LONDON. – Despite recent defeats at the hands African armed forces, jihadist groups are penetrating sub-Saharan Africa at an alarming rate, threatening states ill-prepared to deal with a complex social and security challenge, say Western and African officials and researchers.

The Islamic radical groups, which include IsisAl Qaeda affiliates and home-grown movements such as Boko Haram, threaten the rising continent, posing unique challenges for policymakers and officials of shaky governments struggling with limited resources.

“The extremists are inside the community,” Bineta Diop, an official of the African Union, told The Independent along the side-lines of The Atlantic Dialogues, a conference in Marrakech last week organised by the Policy Centre for the New South, a Moroccan think tank.

“They provide public services where the state has failed,” she said. “They bring water, sanitation, education. They provide opportunities to young people they don’t otherwise have. There is a need to address the basic elements of human security and not leave it to extremists.”

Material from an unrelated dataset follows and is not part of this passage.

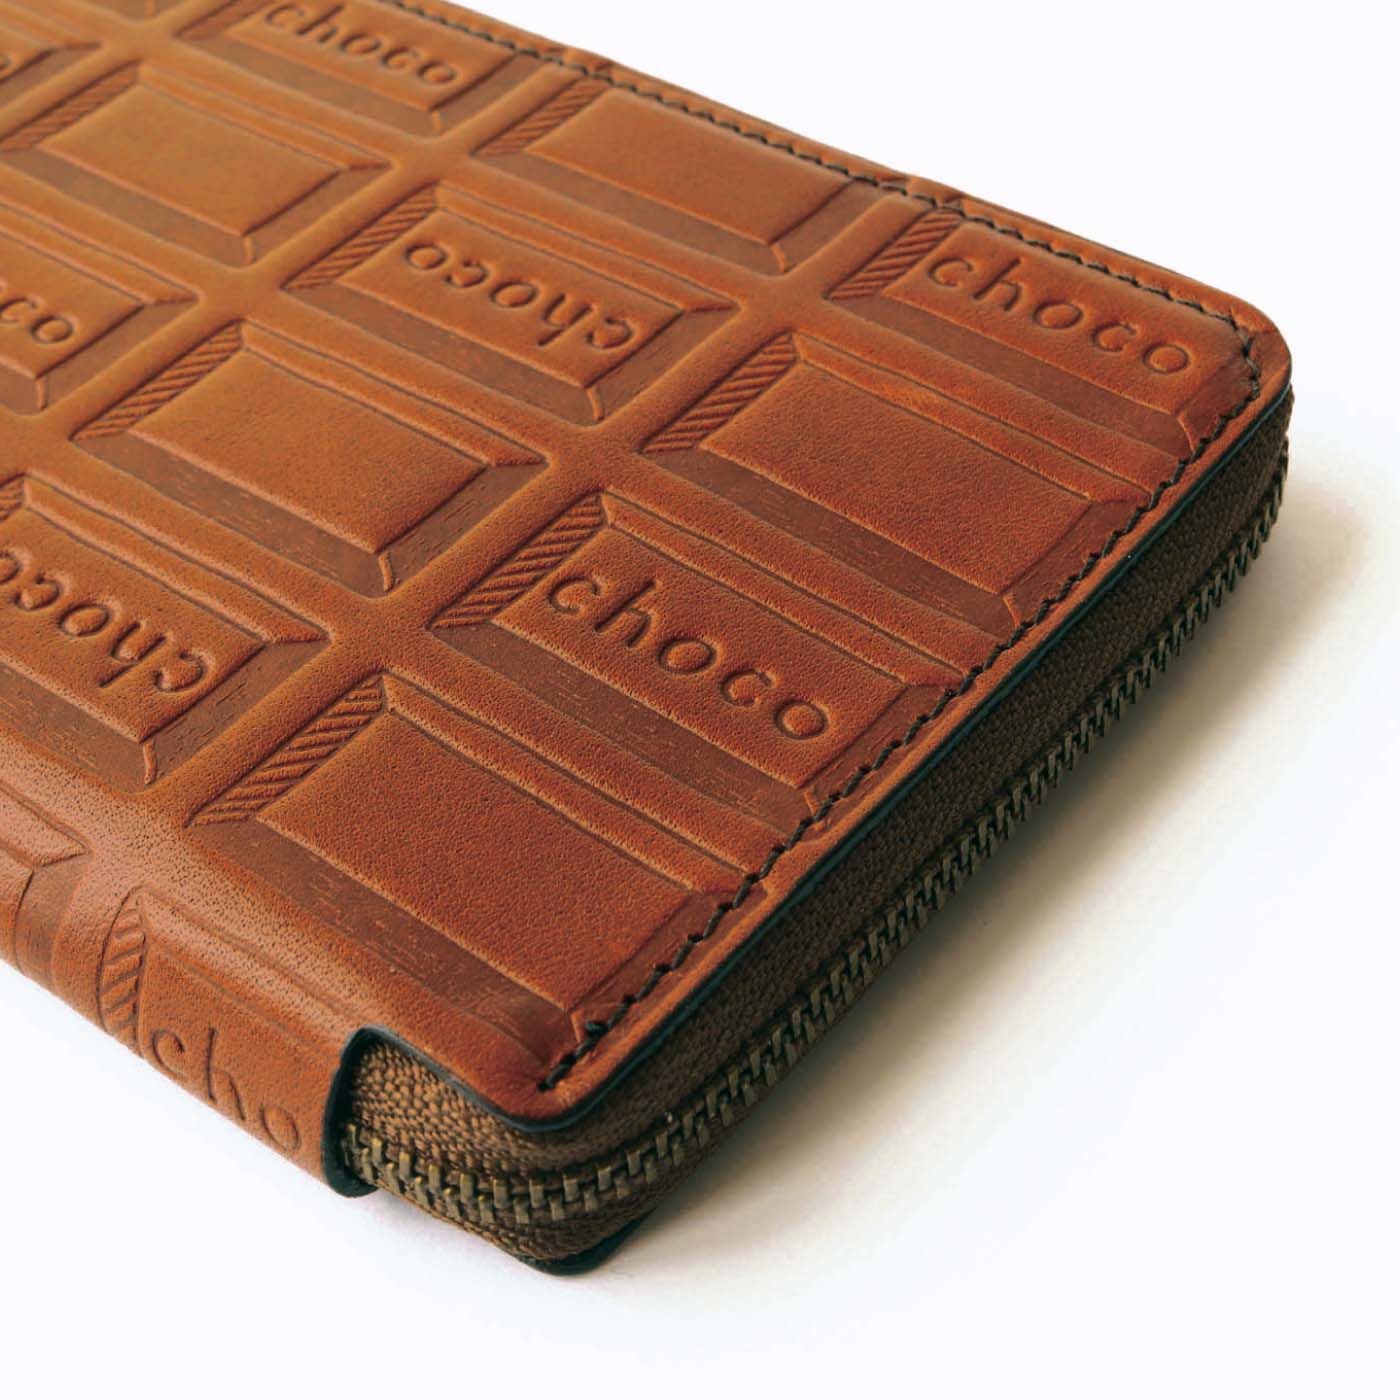 色: チョコ[アブラサス] 薄い財布 レザー 薄型 日本製 チョコ

African troops backed by the Western intelligence and security forces have beaten back Somalia’s Al Shabaab movement and have made strides against Boko Haram in Nigeria as well as militant groups in Mali.

But in some ways, the militant groups have expanded their presence. Networks of Islamist militants now influence a vast area within Africa, drawing on contacts and resources from the Middle East and Europe, with radical groups exploiting ungoverned spaces throughout the continent.

“The same catalysts that are out there as far as lack of strong governments, lack of government services, lack of opportunities, where folks can come in and radicalise,” US Major General Christopher Craige, a commander of Stuttgart-based Africom, told a group of journalists at a briefing along the side-lines of the conference.

“Europe, Africa, and the Middle East now so connected. Not just because of modern media devices, but because of travel.”

Statistics show that terrorist incidents in the Middle East, North Africa, and Europe fell last year, while sub-Saharan Africa held steady, suggesting a shift in resources towards the continent by militant groups.

“Everything is going south,” said Rida Lyammouri, a researcher at the Policy Centre for the New South, describing militant groups’ expansion Mali and Burkina Faso. “It continues to go south. It’s very alarming. The conflicts have spread.”

Extremist groups infiltrating sub-Saharan Africa often take a different approach to those drawing recruits and supporters in European or Arab cities seeking glory or infamy.

Scholars increasingly find it useful to distinguish between radicalisation in urban spaces such as in Europe, or along the Mediterranean coast of North Africa, and rural spaces such as in Mali or rural Nigeria, where radical global aims become fused with local grievances. Countering violent extremism in each venue also requires different approaches.

“The militant groups in Mali and other places can easily find social empowerment by connecting to tribes or ethnic groups, and make common interest with the community” said Mostafa Rezrazi, president of the Moroccan

Lyammouri, who spent a number of months in 2013 and 2014 conducting research among radicalised villagers living along the Niger River in Mali, found that militants often began infiltration by co-opting local leaders and offering help with agriculture and other services.

“It’s more than just radicalisation or ideology,” he said, in a presentation to former diplomats, researchers, and journalists.

“Some of the youth joined did it for money, some joined for ideology. Some joined because they had no other option,” said Lyammouri. “There was no state. The groups were providing services that the state wasn’t providing.”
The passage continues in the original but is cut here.